The creation of symbols and distinct features that mark a community and set it apart from all others is more than an attempt to reconstruct totalitarian societies in a classroom. Rebellion, being different, experimental teaching, experimenting with drugs, the Sexual Revolution marked the end of the 1960s. It also made room for the emergence of the consumerist society, despite being the era of tremendous violence brought by the Vietnam War. The movie does not depict the story’s background, as it was adapted for the screen in 1981. There was no intention of contextualizing the experiment in the movie, due mostly to the fact that it had to address the present and the experiment’s potential to unfold at any given time. Hence, this part of the experiment that builds on the sense of community is linked, in sociological terms, to Henri Tajfel’s social identity theory, in short SIT. Tajfel defines social identity as a part of an individual, which derives from his or her attachment to a group and the emotional significance that derives from this attachment.[12] In a broader sense, social identity theories still consider personal identity as a solid and unitary construct, but Tajfel’s approach opened the discussion for new ways to analyze identity levels and how these become salient. The content of identity levels, identification and categorizations of the self and others, is subject to change, so do situational events. Moreover, theories that take a closer look at the relationship between social and personal identity suggest that a person cannot “simultaneously countenance more than one identity, seemingly ruling out dual or compound identities.”[13] Identity shifts in strong situational events, hence will override one identity in favor of another, as it is the case in Professor Ross’ class.
Entering/exiting dystopia
Wave members act for themselves: they spy on each other, convince or force others into joining the Wave and ultimately believe in the Wave. The real question that arises from this is whether dystopia can be initiated through a simple educational experiment. Moreover, did the students believe that what they were doing was good or evil? To answer the last question, one must attempt to explain the educational act and the emergence of dystopia in Jones’s real-life experiment.

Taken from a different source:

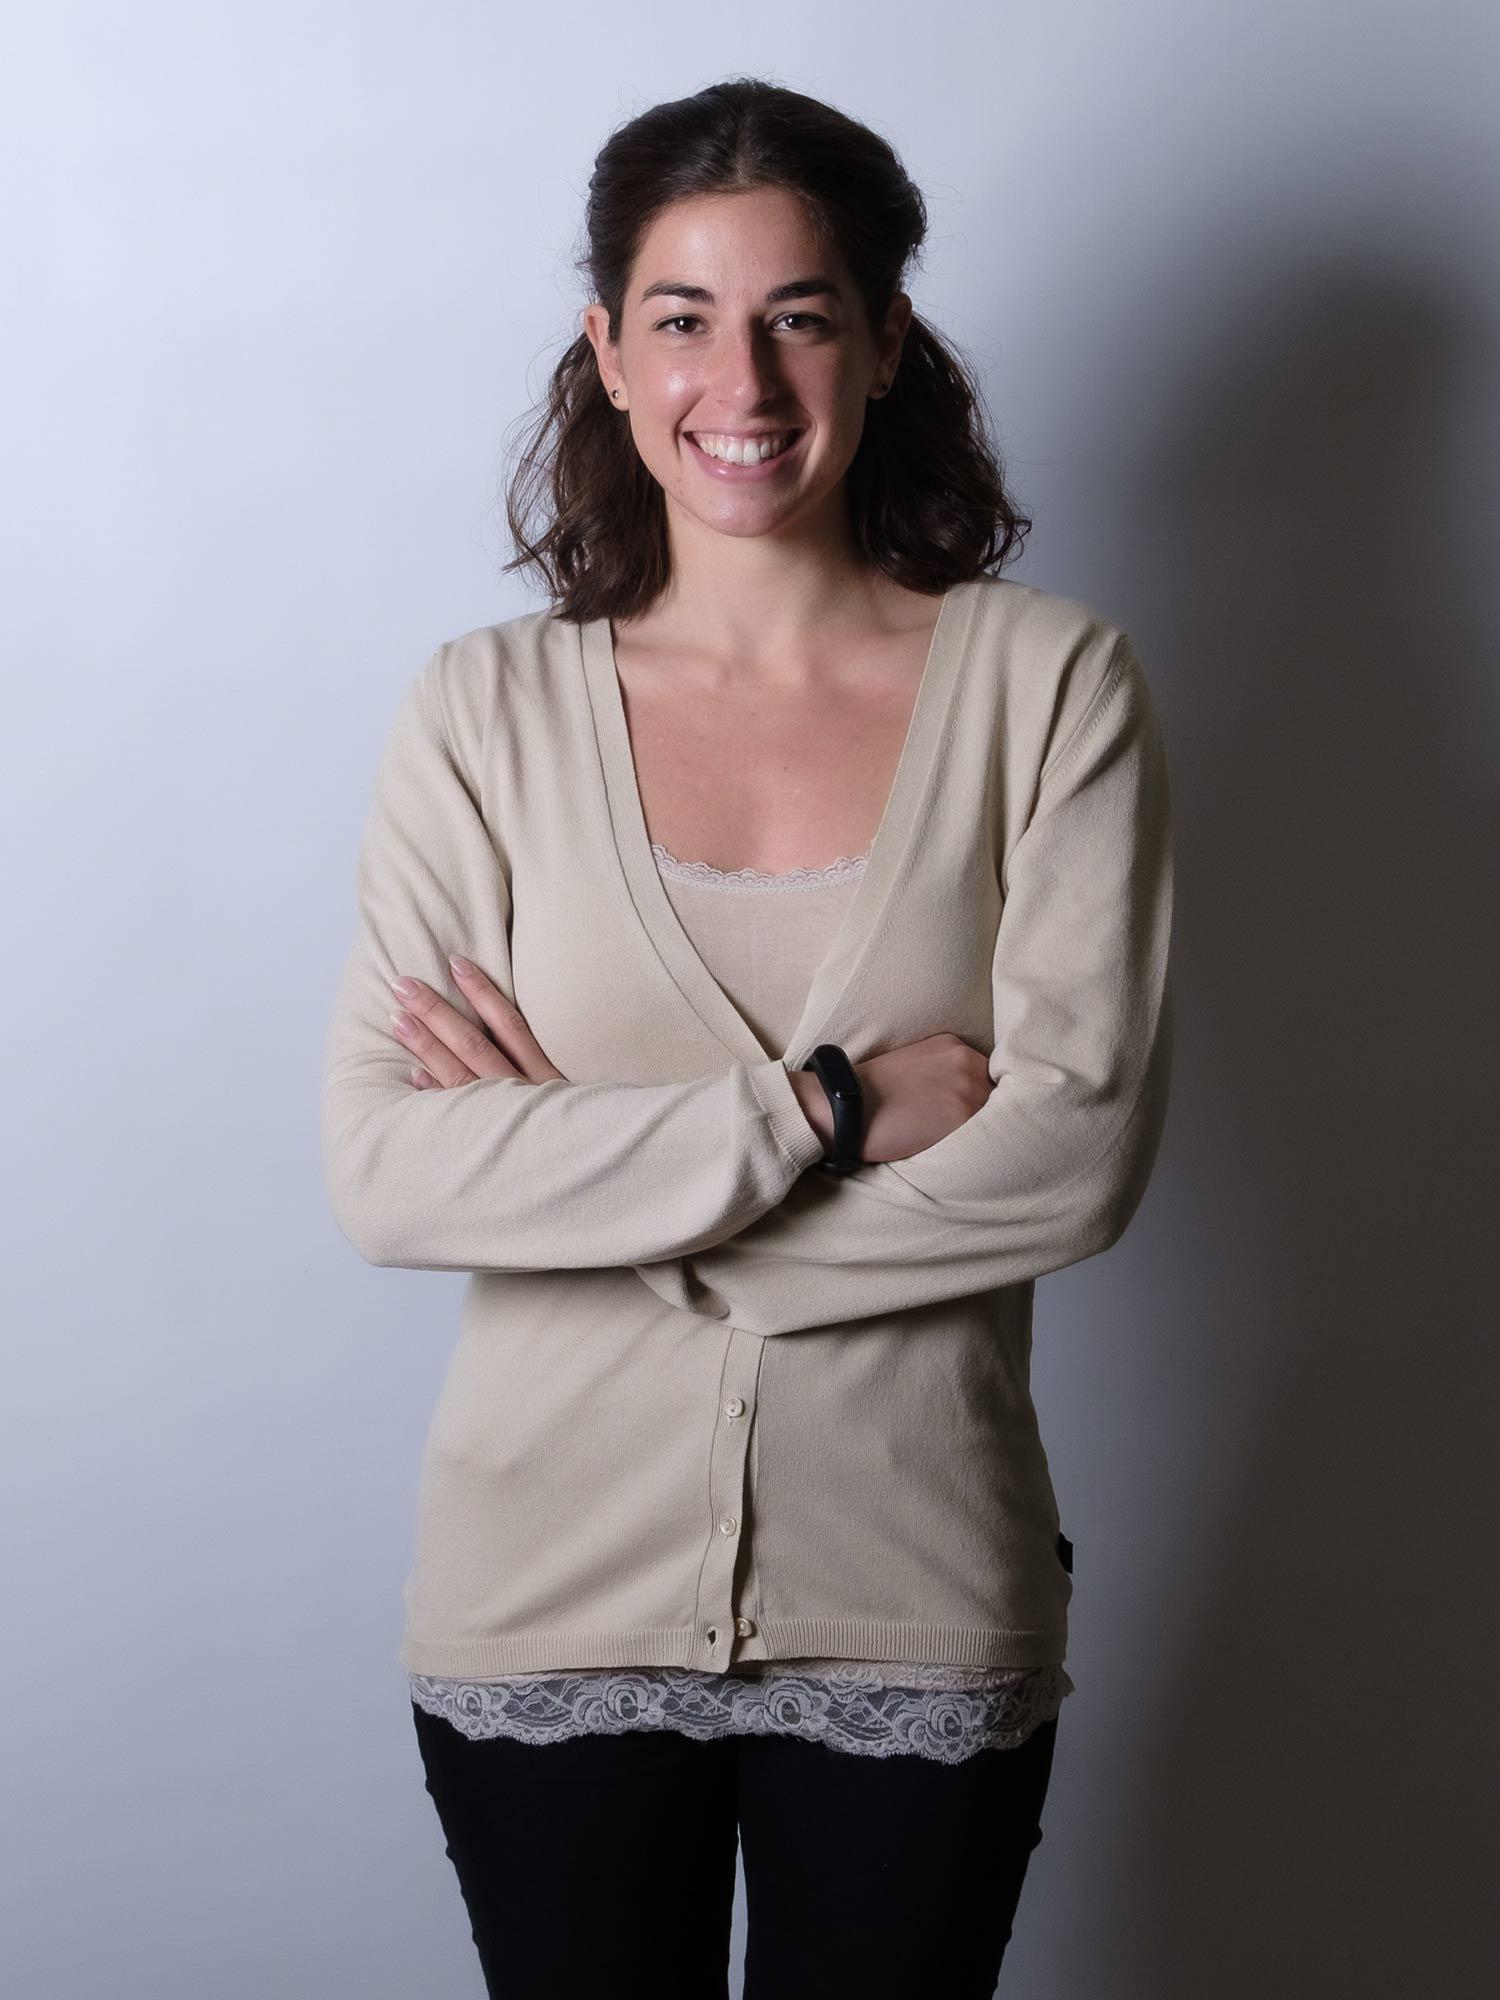 Irene Venturini

One first idea that could explain the human behavior depicted both by the movie and by Jones’s experiment derives from the term social belonging and group identity. Classrooms (found, in current times, not only in traditional educational settings) are proper places where group identities are formed. Nevertheless, due to extensive researches in neuroscience, individuality and the personal learning abilities and strategies of pupils tend to take center stage. A group’s identity seems to take shape when students engage in activities. As stated before, an educational experiment has to have clear learning outcomes, the rules and tasks need to be openly discussed, transparent and assumed and, at the end of such an experiment, the assessment of results has to take place. In the Wave experiment there was nothing planned, because Mr. Ross had no clear vision of the final ends of his experiment. This is why the power of the context and events/actions seems to erase the simple good/evil dichotomy. Moreover, resorting solely to human interaction and assuming the leading figure of the Wave, the history teacher sets into motion, in his pupils and himself, the “character transformations when faced […] with powerful situational forces.”[14] Philip Zimbardo gave an interview on Jones’s experiment in 2008 and underlined one very important aspect: as the mind is capable of great creativity, it is also capable of justifying evil. By the time assaults on pupils not willing to enter the Wave occur, Mr. Ross has also become a Guinea pig in this entire experience. The charismatic history teacher is fascinated by the reaction of his pupils and the behavioral changes he believes he has caused and justifies in an argument with his wife, a music teacher at the same high school, that the newly created equality is the key of the experiment.
While I attempted to describe mechanisms that triggered a series of events in the classroom, the figure of the leader undergoes a gradual resetting and reconfiguration. Mr. Ross changes not only his behavior in class – disciplining, recreating hierarchies and giving orders – but also his appearance. Action and interaction in classroom is staged and controlled through the symbols of the Wave, as pupils begin to be instruments of change and seeing themselves as different in comparison to non-Wave members. Moreover, the history teacher engages with his pupils from the position of the leader: Mr. Ross quits his casual look in class and chooses a blue suit and tie. The Wave and its members are all part of something special and next to the establishing of distinctive signs and symbols, the young adults will dress like their leader, in blue shirts and dark blue pants. The history class stops communicative and task-based teaching, as rituals reflect the new religion of the Wave. At the height of the experiment, Mr. Ross promises Laurie and David he will stop the project and asks for their trust. The film does not depict how the history teacher plans his final and most important lesson, but the end of the experiment comes as a shock to all the people involved. On the final day of the experiment, Mr. Ross announces a rally for all Wave members, in which they will come into contact with all Wave communities across the country and meet the real Wave leader. As the teacher explains that the Wave is a national movement, Laurie and David protest, which leads to their being banned from attending the class and the rally.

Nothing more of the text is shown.